What needs to be done: Please take the lines from the one holding "Kayo's Blog: My Christmas in Poland" through the one holding "Athletic Shoes B37447" in the data below and copy them exactly.

Input records:
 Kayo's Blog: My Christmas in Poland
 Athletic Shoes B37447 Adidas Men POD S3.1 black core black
* * *
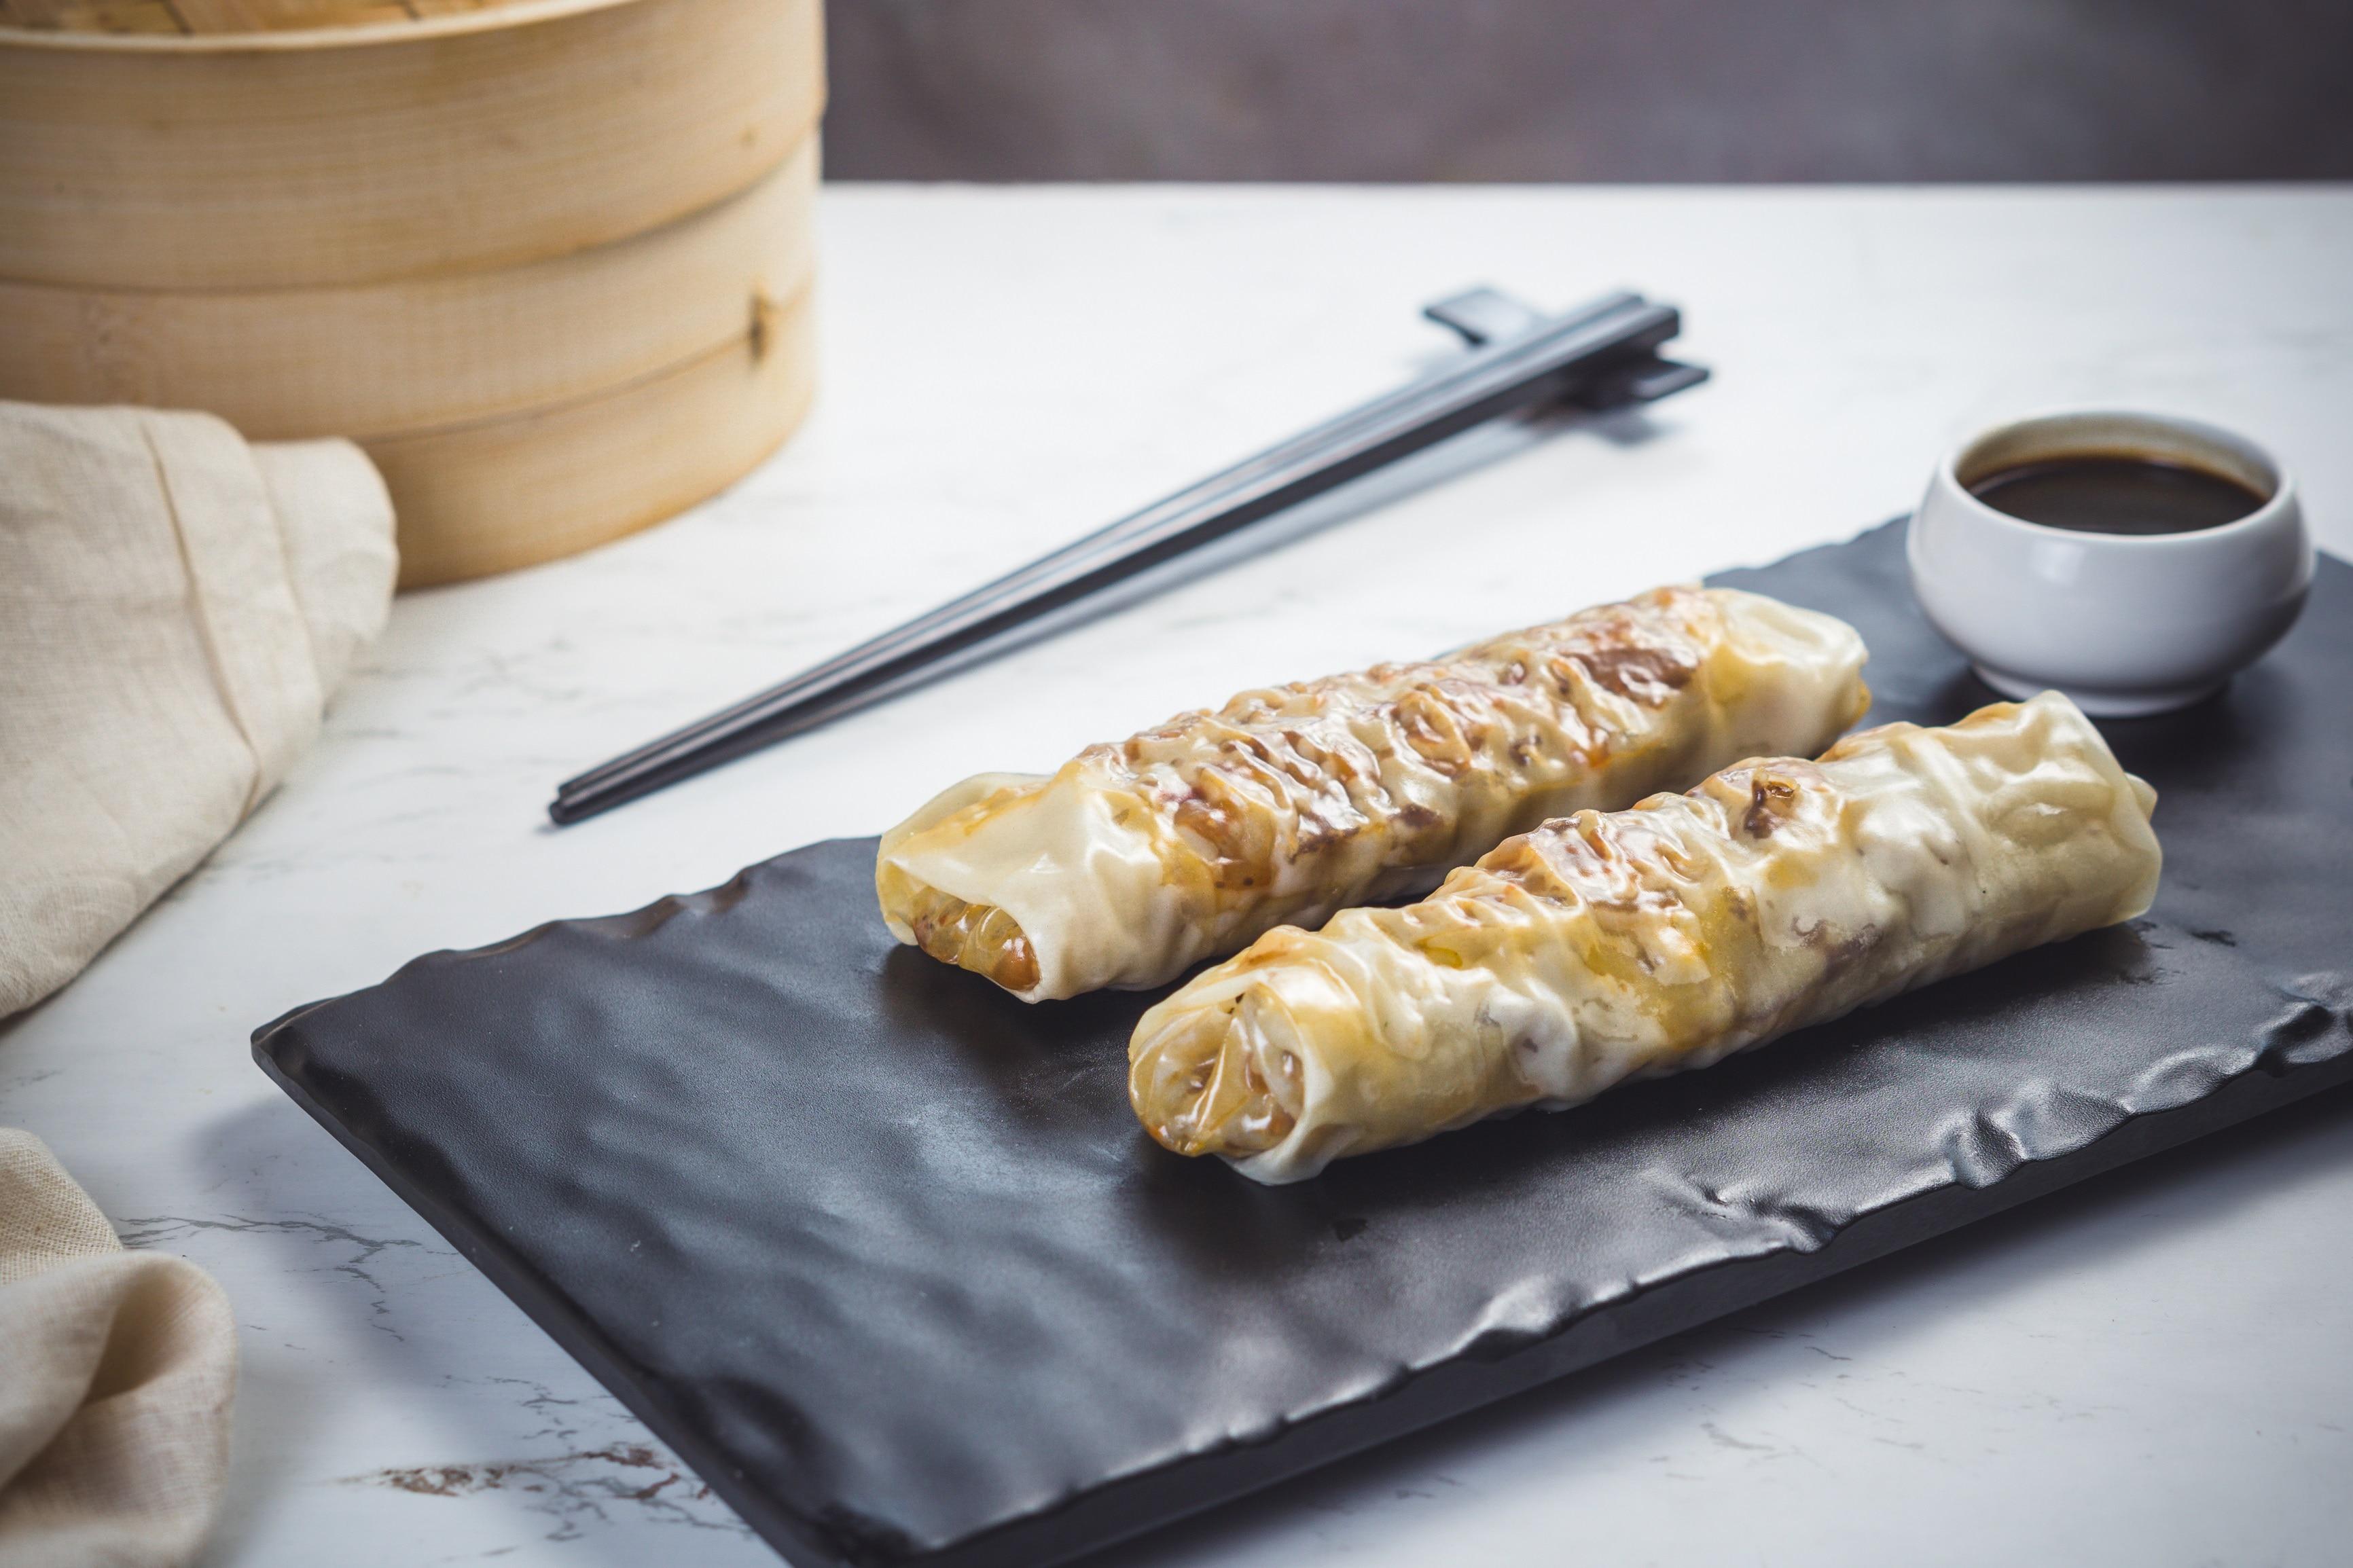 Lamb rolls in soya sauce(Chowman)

Task solution:
 Kayo's Blog: My Christmas in Poland
 Athletic Shoes B37447 Adidas Men POD S3.1 black core black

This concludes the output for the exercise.